In his article ‘The Concept of Emotion in Classical Indian Philosophy’ in Sanford Encyclopedia of Philosophy, Joerg Tuske argues that classical South Asian religio-philosophical traditions commonly focus on the eradication of emotion. However, there exist in the subcontinent influential traditions that aim at transforming emotions rather than removing them. They might be called the school of devotion or bhakti, to use an emic term. Bhakti advocates argued that binding emotions can become soteriologically effective if they are directed towards God. By the time this idea reached Bengal in the early modern period, it acquired sophistication through its encounter with cosmopolitan Sanskrit traditions. For example, Rūpa Gosvāmī in the sixteenth century presented an innovative analysis of devotion through the terminology of dramatology and rhetoric.

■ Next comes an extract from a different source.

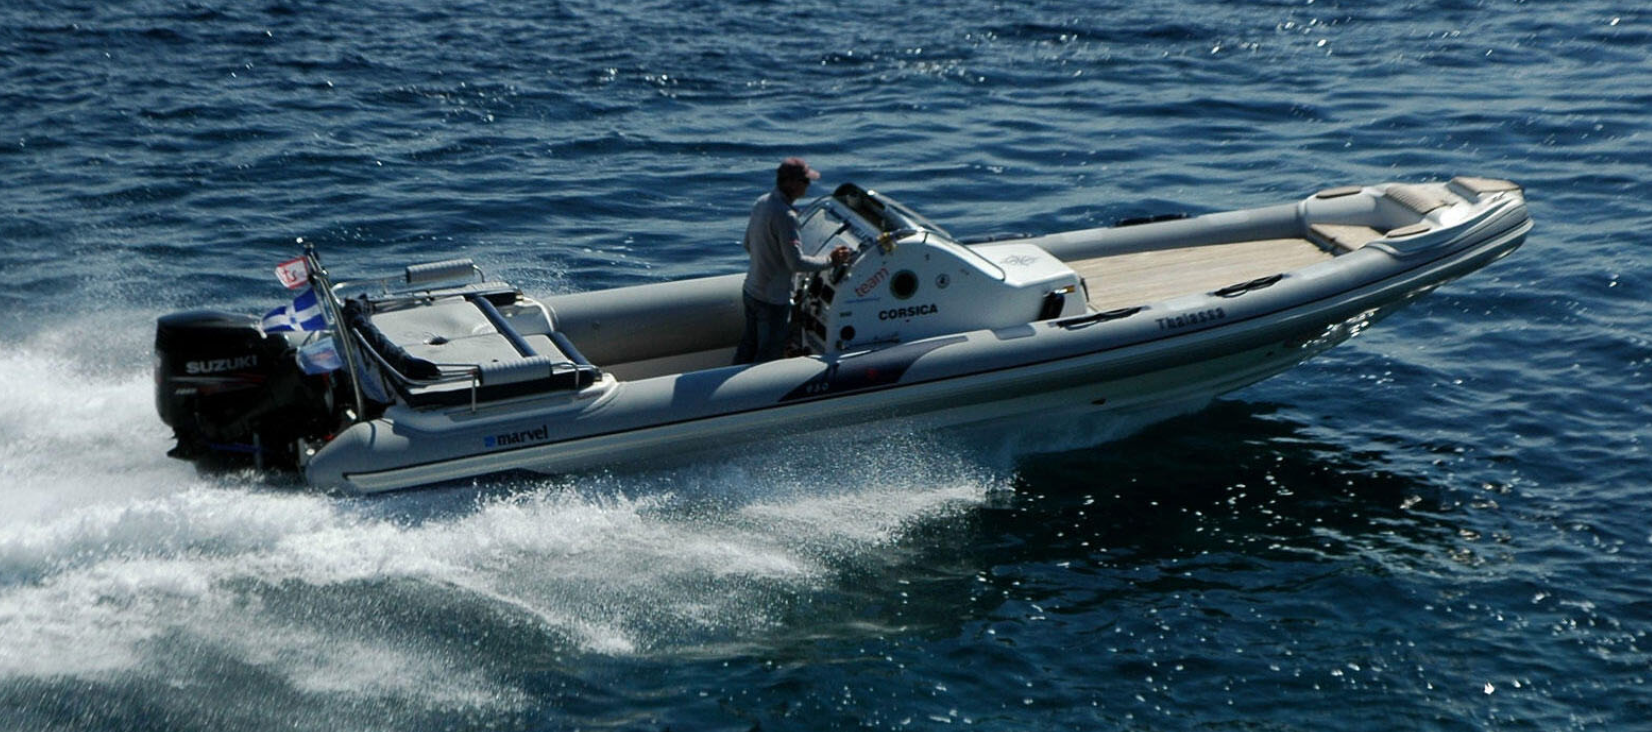 Rigid Hull Inflatable Boat, RIB, Suzuki outboards

In this paper, I shall examine the way in which Rūpa analyzes various shades of devotional emotions through the lens of color science that was developed in classical Sanskrit dramatology.

Angelika C. Messner

The Logic of the Concrete in Chinese Emotion Practices

Sacred sites in Chinese history and present have been investigated in their multiple identities: as part of imperial ritual (Emperors throughout journeyed to sacred mountains in order to perform rituals to legitimate their political power), as part of mysticism, as part of life and fertility performances (women, as part of pilgrimage associations or with their family members, came to pray for baby sons), as part of death and purgatory sites (male villagers came to pray for departed ancestors), as part of Confucian, Buddhist and Daoist sites of worship and ritual, as sites for performing self cultivation and rectification of the minds. With a strong focus on practice and embodiment and by breaking away from a single discipline approach my paper is concerned with the question why people were supposed to achieve the Sacred and why and how people narrated their own encounters with the Sacred.

Irene Galandra Cooper

Cose di casa: licit and illicit domestic piety in Cinquecento Naples

What did it mean to be a good Catholic in Renaissance Naples? Agnus Dei and rosaries were often recorded amongst the ‘Cose di Casa’ listed in post-mortem inventories at the end of the Cinquecento. Verbs and adjectives that accompany these long-gone religious objects, such as ‘a corona da dire’ or ‘la cara cona della nostra donna’, evoke the devotional nature of the object and emphasise the deceased’s piety. As practices related to these objects became signposts of new Christian vigour in the battle against heresy during the aftermath of the Council of Trent, these documents and objects tell the stories of devout Christians. However, Inquisition trials found in the Archivio Storico Diocesano of Naples convey another story. Focussing on case-studies, and combining a variety of sources, this paper will explore the licit and illicit use of small devotional objects at the pivotal moment of change following the Council of Trent.